Streaming-only providers (glm, MiniMax, gpt-5.x via aigw, Anthropic via openai-compat shims, etc.) emit reasoning through delta.reasoning_content chunks that get accumulated into the local reasoning_text string — but never land on the assistant message object as an attribute, so the persisted message is missing reasoning_content.

The bug is silent until the user later replays that history through a DeepSeek‑v4 / Kimi thinking model, which strictly requires reasoning_content on every replayed assistant turn:

The reasoning_content in the thinking mode must be passed back to the API.

Read-side patches (#15213, #15741, #15748, #15353) each fix one build path, but every new path that reads history from disk is a fresh place the same 400 can resurface.

Fix

Normalize at write time. At the point where the assistant message dict is built (around run_agent.py:8085), always populate reasoning_content:

  1. prefer the SDK-supplied assistant_message.reasoning_content when present (may carry structured data);
  2. otherwise fall back to the already-sanitized reasoning_text that was accumulated from streaming deltas;
  3. finally default to "" so non-thinking providers ignore it harmlessly while DeepSeek/Kimi see a valid (empty) value.

The internal reasoning alias is preserved for backward compatibility with existing read paths and downstream consumers — this PR is purely additive on the wire format.

This makes the four landed read-side fixes redundant safety nets rather than mandatory promotion paths.

Diff

run_agent.py | 27 +++++++++++++++++----------
1 file changed, 17 insertions(+), 10 deletions(-)
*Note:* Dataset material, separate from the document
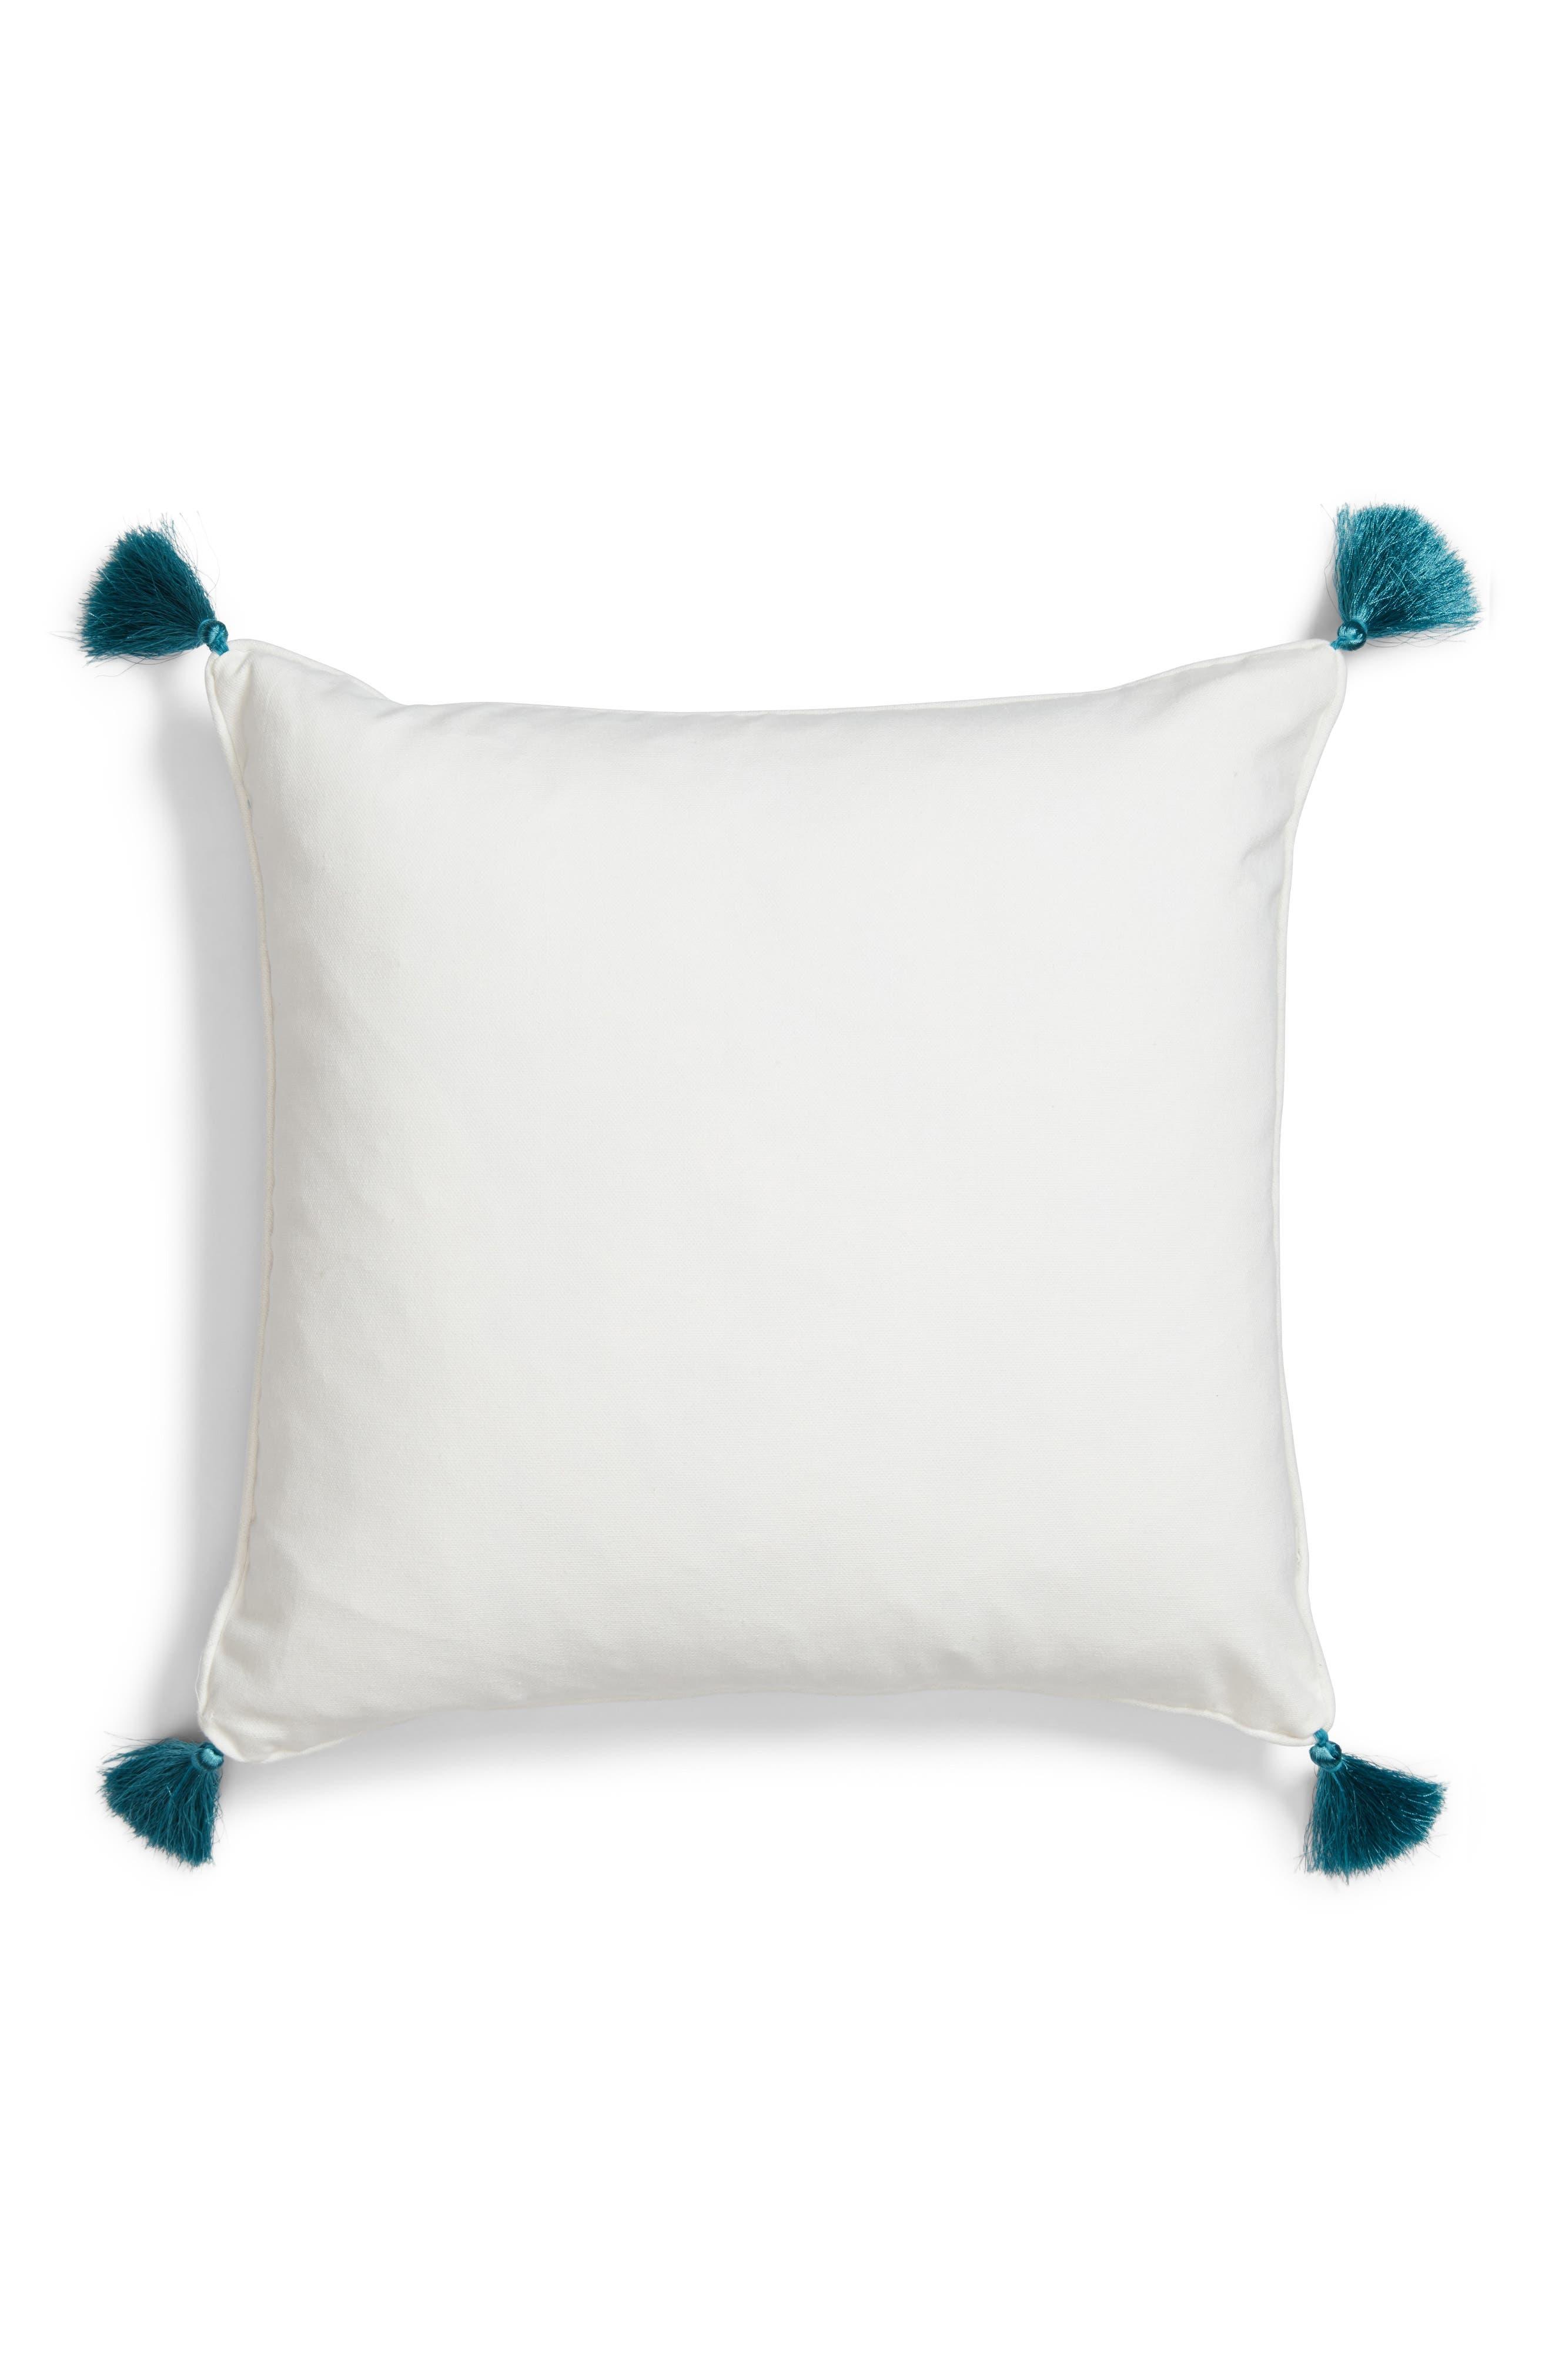 Luca Accent Pillow,                             Alternate thumbnail 2, color,                             300

The change is local to the assistant-message persistence block; no behavioural change for currently-working DeepSeek paths (those already get reasoning_content from the SDK or from the existing tool-call guard).

Not in scope

  • Migration of existing poisoned session files under ~/.hermes/sessions/** — happy to follow up in a separate PR if maintainers want it; the original issue author offered one as well.
  • Removing the read-side _copy_reasoning_content_for_api promotion logic — leaving it in place as defense in depth.

Refs #16844

run_agent.py persisted assistant turns with the chain of thought under
the internal field 'reasoning' and only wrote the protocol-standard
'reasoning_content' when (a) the upstream SDK happened to expose it as
a top-level attribute, or (b) the current provider was DeepSeek and the
turn had tool_calls. Streaming-only providers (glm, MiniMax, gpt-5.x via
aigw, Anthropic via openai-compat shim, etc.) accumulate reasoning from
delta.reasoning_content into a local string but never set the SDK
attribute, so the persisted message is missing reasoning_content.
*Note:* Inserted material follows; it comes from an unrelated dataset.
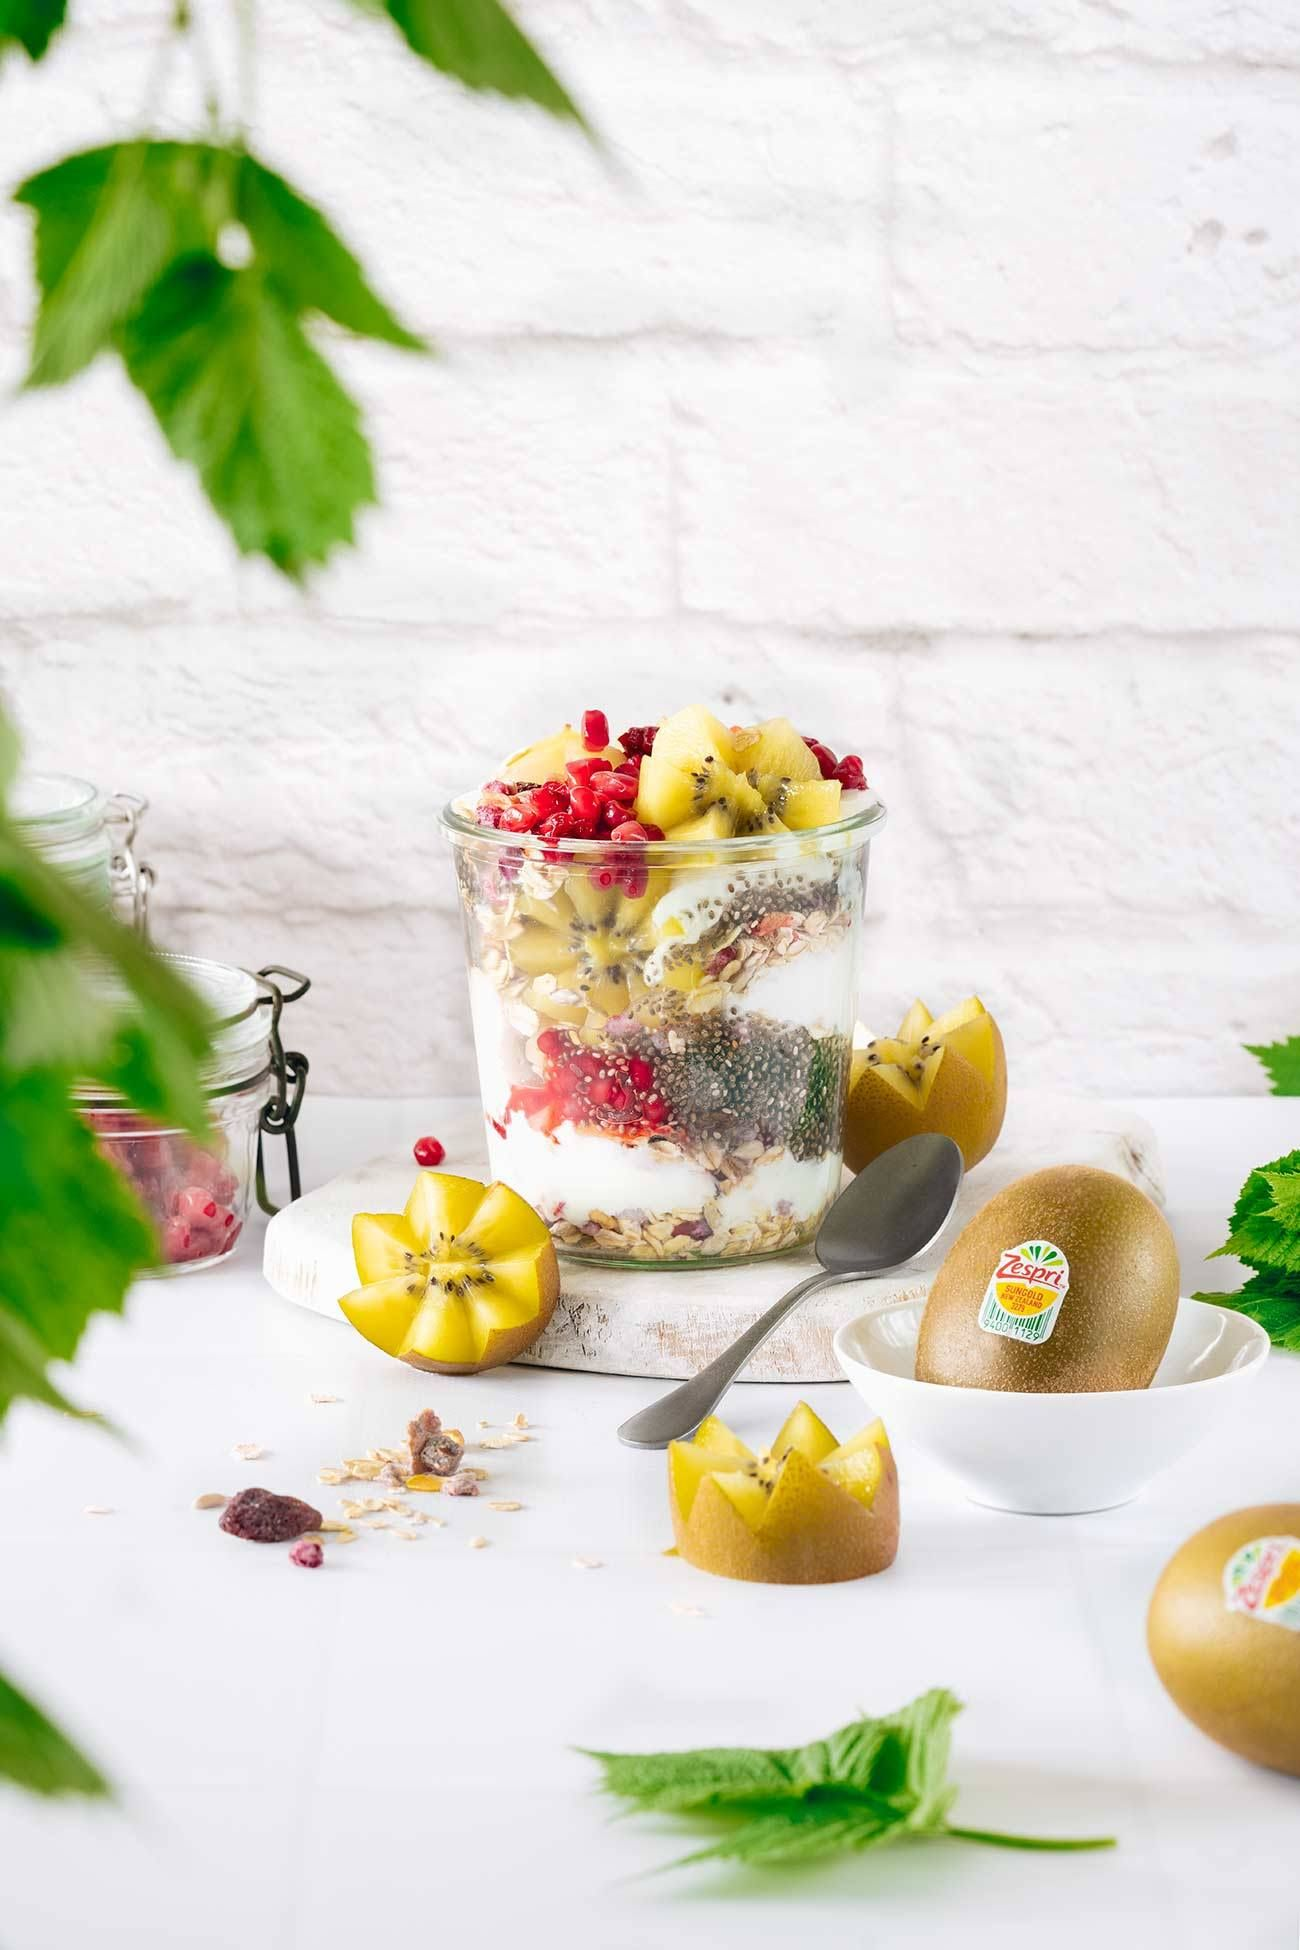 Mein Kiwi Frühstück  – Fruits // Obst

The bug is silent until the user later replays that history through a
DeepSeek-v4 / Kimi thinking model, which requires reasoning_content on
every replayed assistant turn:

    The reasoning_content in the thinking mode must be passed back to
    the API.

Read-side patches (NousResearch#15213, NousResearch#15741, NousResearch#15748, NousResearch#15353) each fix one build
path, but every new path that reads history from disk is a fresh place
the same 400 can resurface.

Normalize at write time:
- prefer the SDK-supplied reasoning_content when present (may carry
  structured data);
- otherwise fall back to the already-sanitized reasoning_text that was
  accumulated from streaming deltas;
- finally default to "" so non-thinking providers ignore the field
  harmlessly while DeepSeek/Kimi see a valid (empty) value.
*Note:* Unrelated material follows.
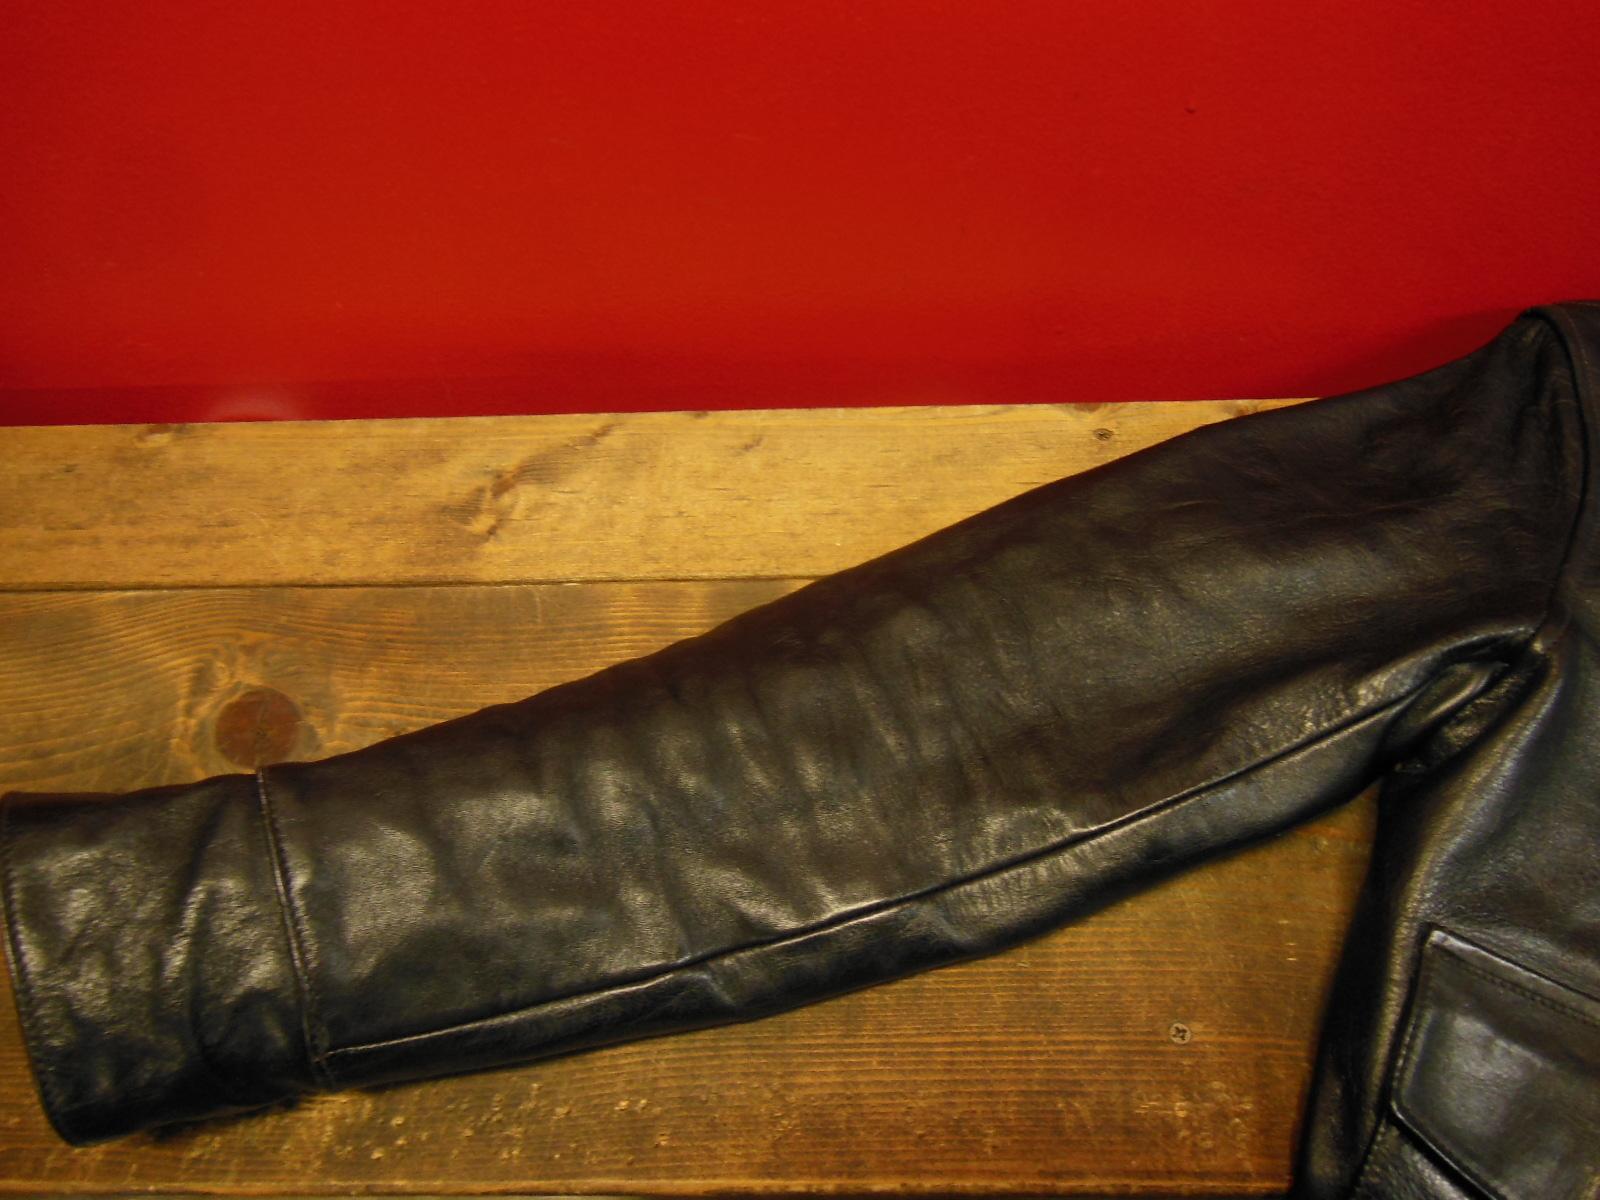 USED HIMEL BROTHERS LEATHER HERON 1929/新喜皮革製黒ホースハイド/SIZE-36/ボタンフロント A-1 ジャケット_c0187684_15080951.jpg

The internal 'reasoning' alias is preserved for backward compatibility
with existing read paths and downstream consumers.

Refs NousResearch#16844
@alt-glitch alt-glitch added type/bug Something isn't working P1 High — major feature broken, no workaround comp/agent Core agent loop, run_agent.py, prompt builder provider/deepseek DeepSeek API provider/kimi Kimi / Moonshot labels Apr 28, 2026
teknium1 added a commit that referenced this pull request Apr 28, 2026
…6844) (#16892)

Streaming-only providers (glm, MiniMax, gpt-5.x via aigw, Anthropic via
openai-compat shims) emit reasoning through delta.reasoning_content
chunks that get accumulated into the local reasoning_text string — but
never land on the assistant message object as a top-level attribute. The
prior guard at _build_assistant_message only wrote reasoning_content
when the SDK exposed hasattr(msg, 'reasoning_content'), so these
providers persisted the chain-of-thought under the internal 'reasoning'
key and omitted the protocol-standard field.

The poison was silent until the user later switched to a DeepSeek-v4 or
Kimi thinking model, at which point replay failed with HTTP 400:
'The reasoning_content in the thinking mode must be passed back to the
API.' One reported session store accumulated 4,031 poisoned messages
across 1,101 files (#16844).

Fix: add an additive fallback that promotes the already-sanitized
reasoning_text to reasoning_content when no earlier branch wrote it AND
reasoning text was actually captured. Layered on top of the existing
SDK-attr branch and DeepSeek ''-pad (#15250) rather than replacing them,
so every existing behavior is preserved:

- SDK-exposed reasoning_content (OpenAI/Moonshot/DeepSeek SDK) still
  wins.
- DeepSeek tool-call ''-pad still fires when the SDK exposes the attr
  but the value is None.
- Non-thinking turns with no reasoning leave the field absent, so
  _copy_reasoning_content_for_api's cross-provider leak guard (#15748),
  promote-from-'reasoning' tier, and thinking-pad tier remain live at
  replay time.
- No empty '' gets eagerly written on every assistant turn (which would
  have bypassed the read-side ladder and triggered empty thinking-block
  insertion in the Anthropic adapter).

Tests: three new TestBuildAssistantMessage cases covering the streaming
promotion path, SDK precedence, and field-absent-when-no-reasoning
invariant.

Credit @Sanjays2402 for the original diagnosis and patch in #16884;
this is a scoped rework that preserves the existing read-side
compensation code as defense in depth.

Refs #16844, #16884, #15250, #15353, #15748.
@teknium1

Copy link
Copy Markdown
Contributor

Superseded by #16892 (merged as d63abbc).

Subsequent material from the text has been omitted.